## Task
For the listing below, the answer is an exact retyping of the lines from the one with "Load image into" through the one with "Peppery Grilled Okra", both included, without pictures.

## Source material
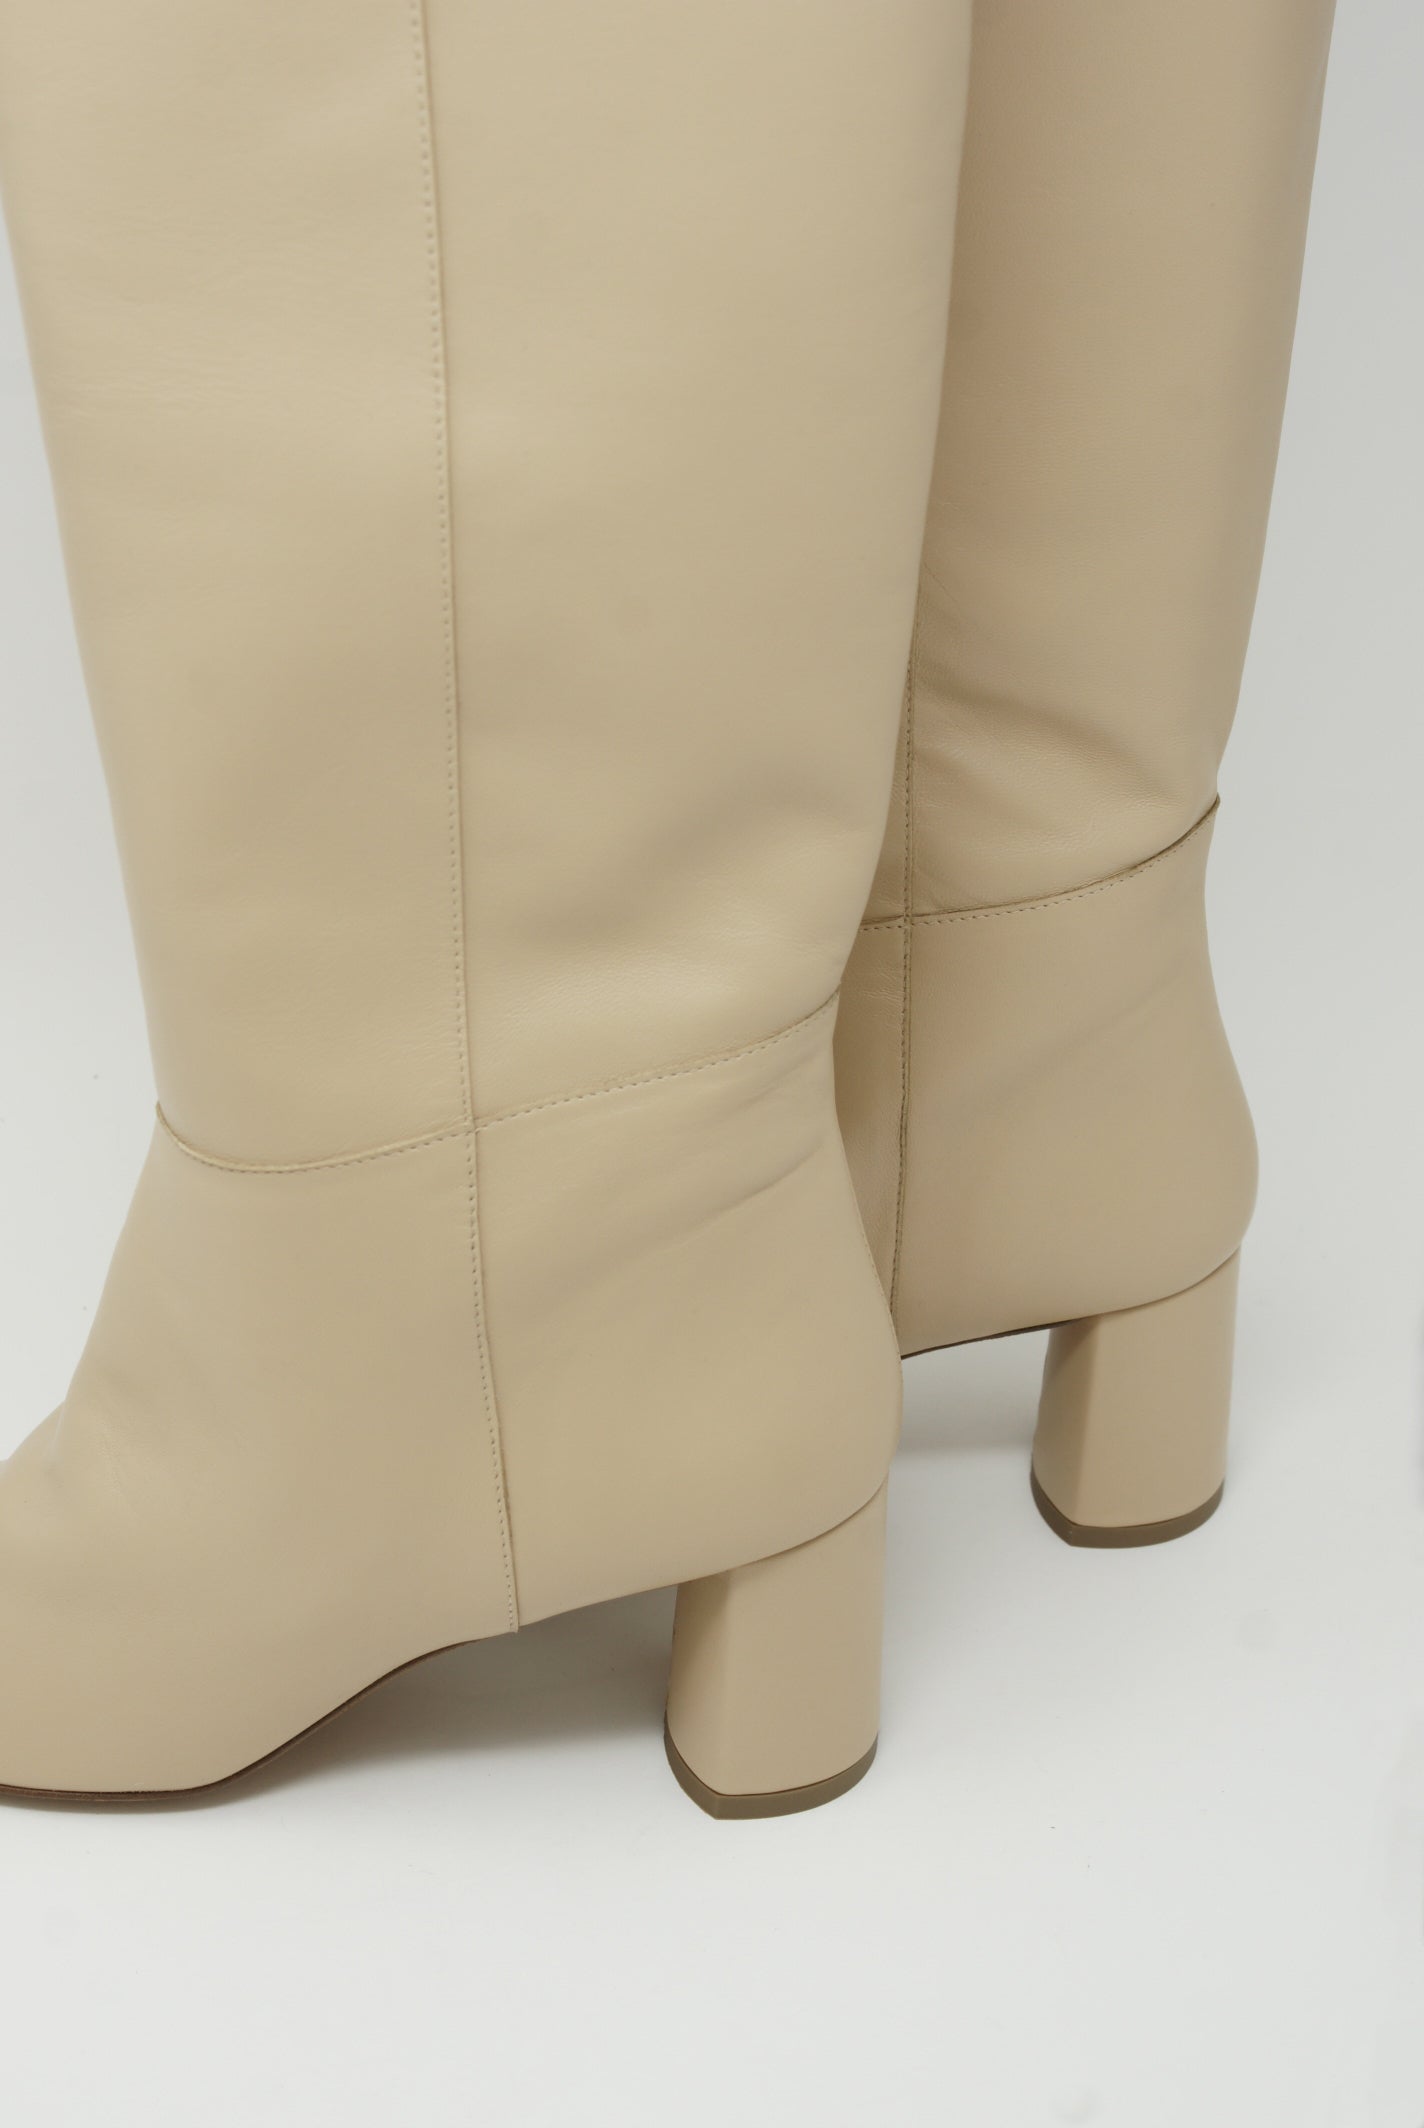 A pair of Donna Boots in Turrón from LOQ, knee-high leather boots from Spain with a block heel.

...

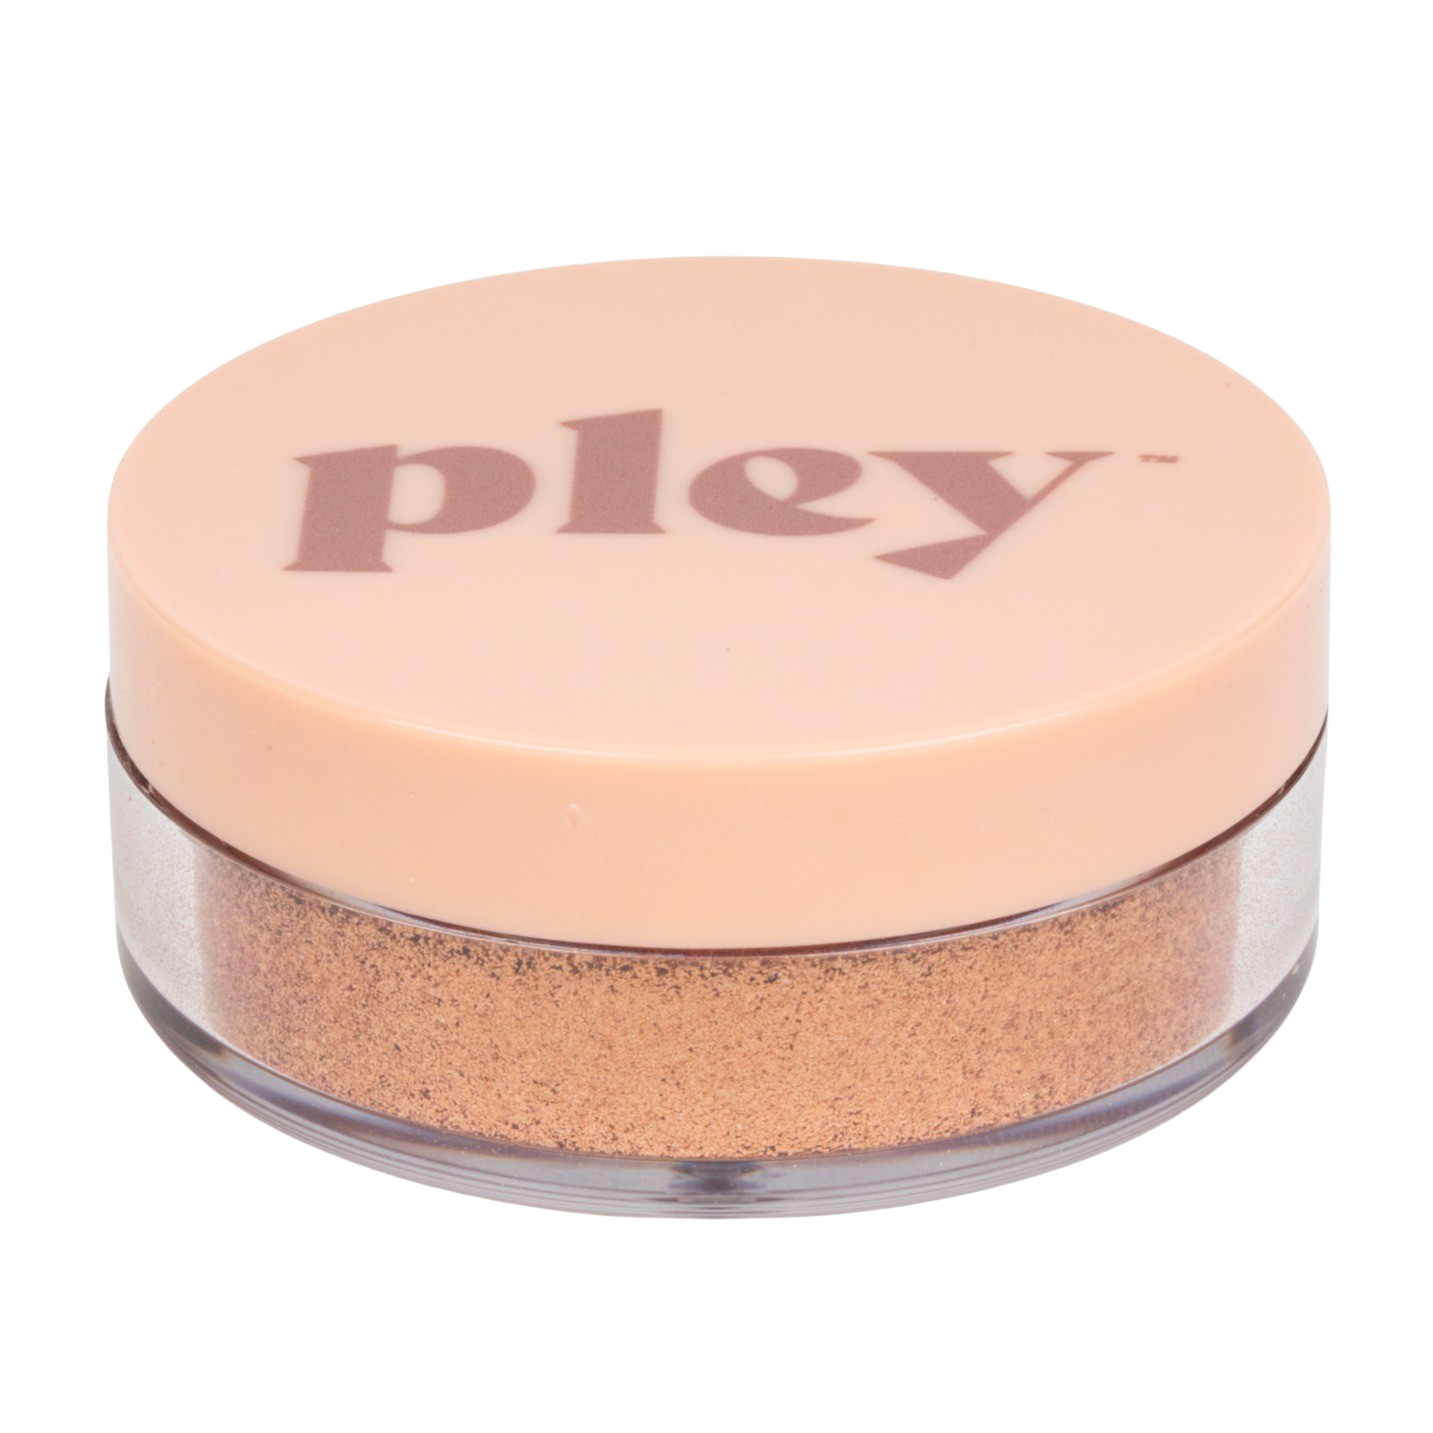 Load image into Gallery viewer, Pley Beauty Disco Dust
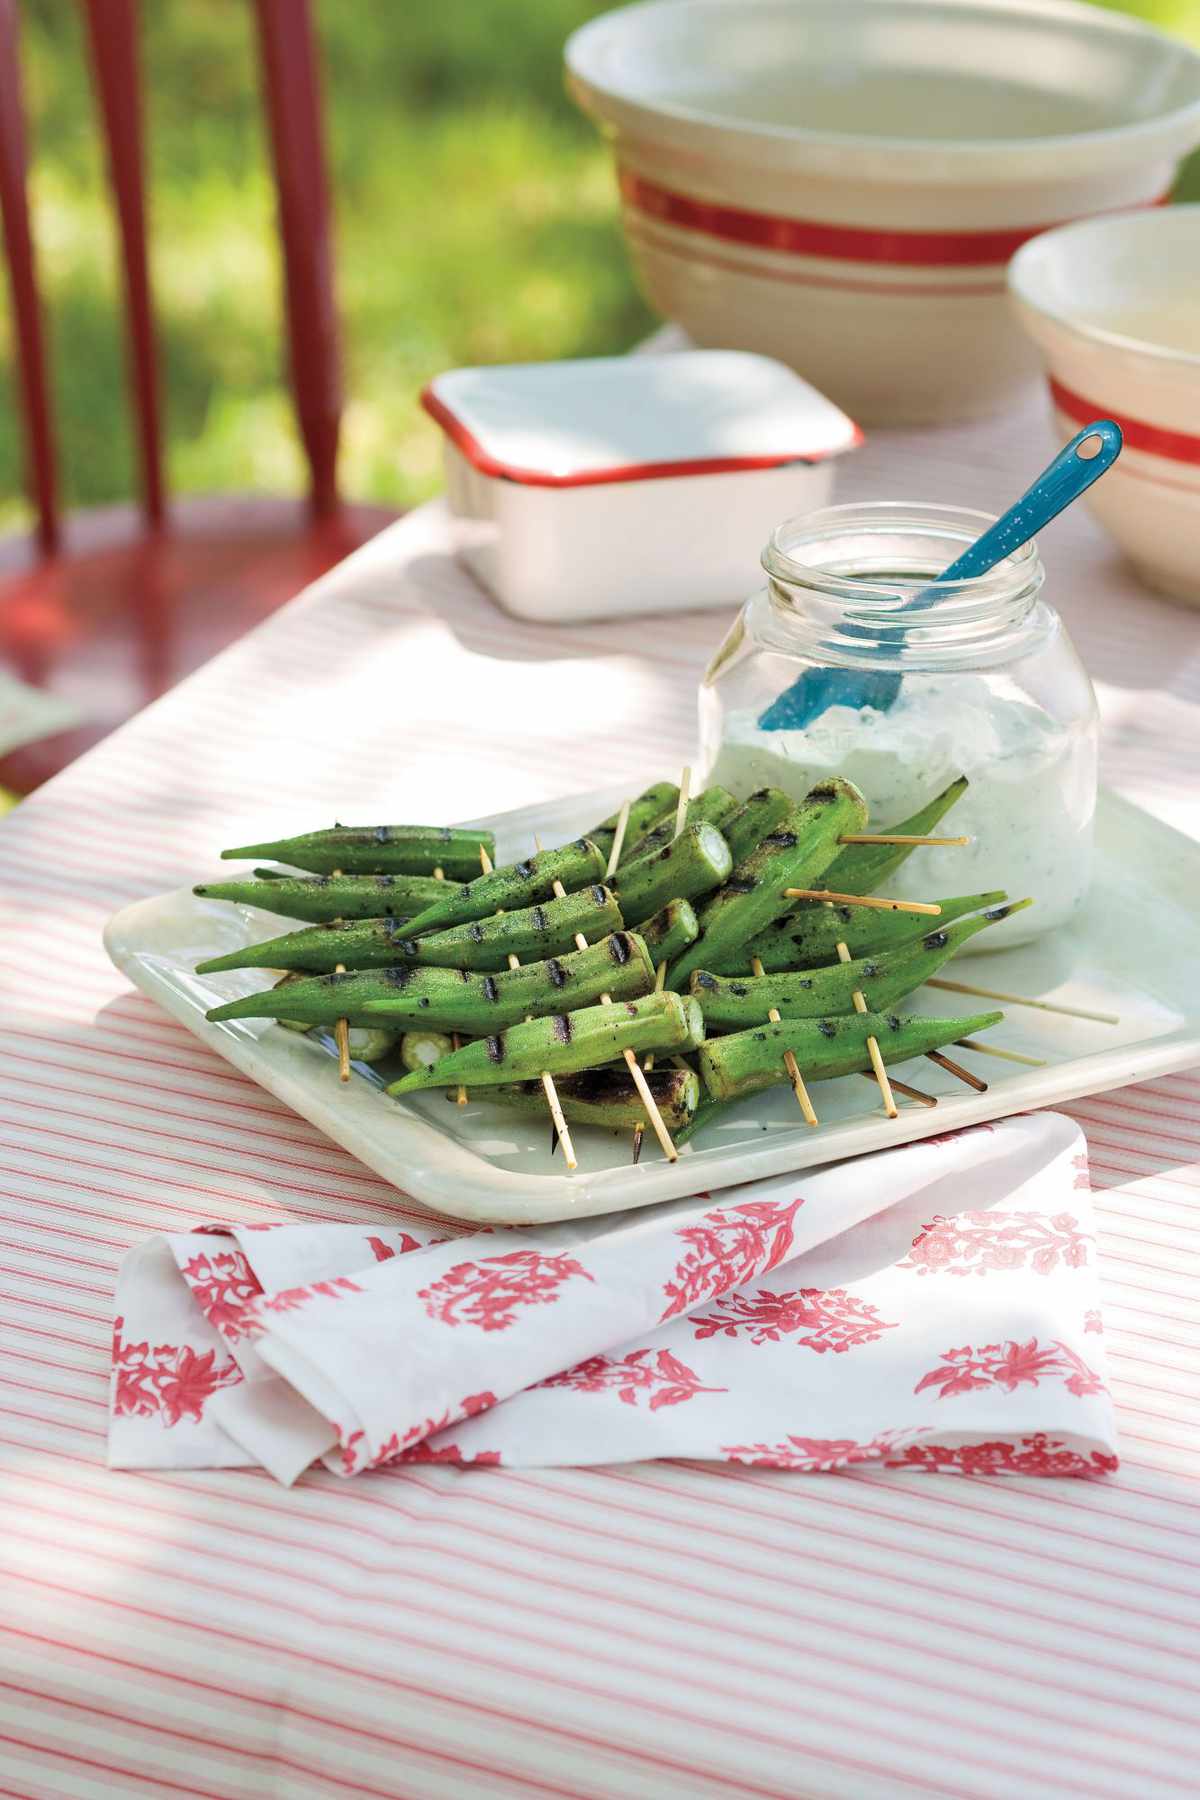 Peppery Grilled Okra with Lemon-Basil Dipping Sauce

## Task output
 Load image into Gallery viewer, Pley Beauty Disco Dust
 Peppery Grilled Okra with Lemon-Basil Dipping Sauce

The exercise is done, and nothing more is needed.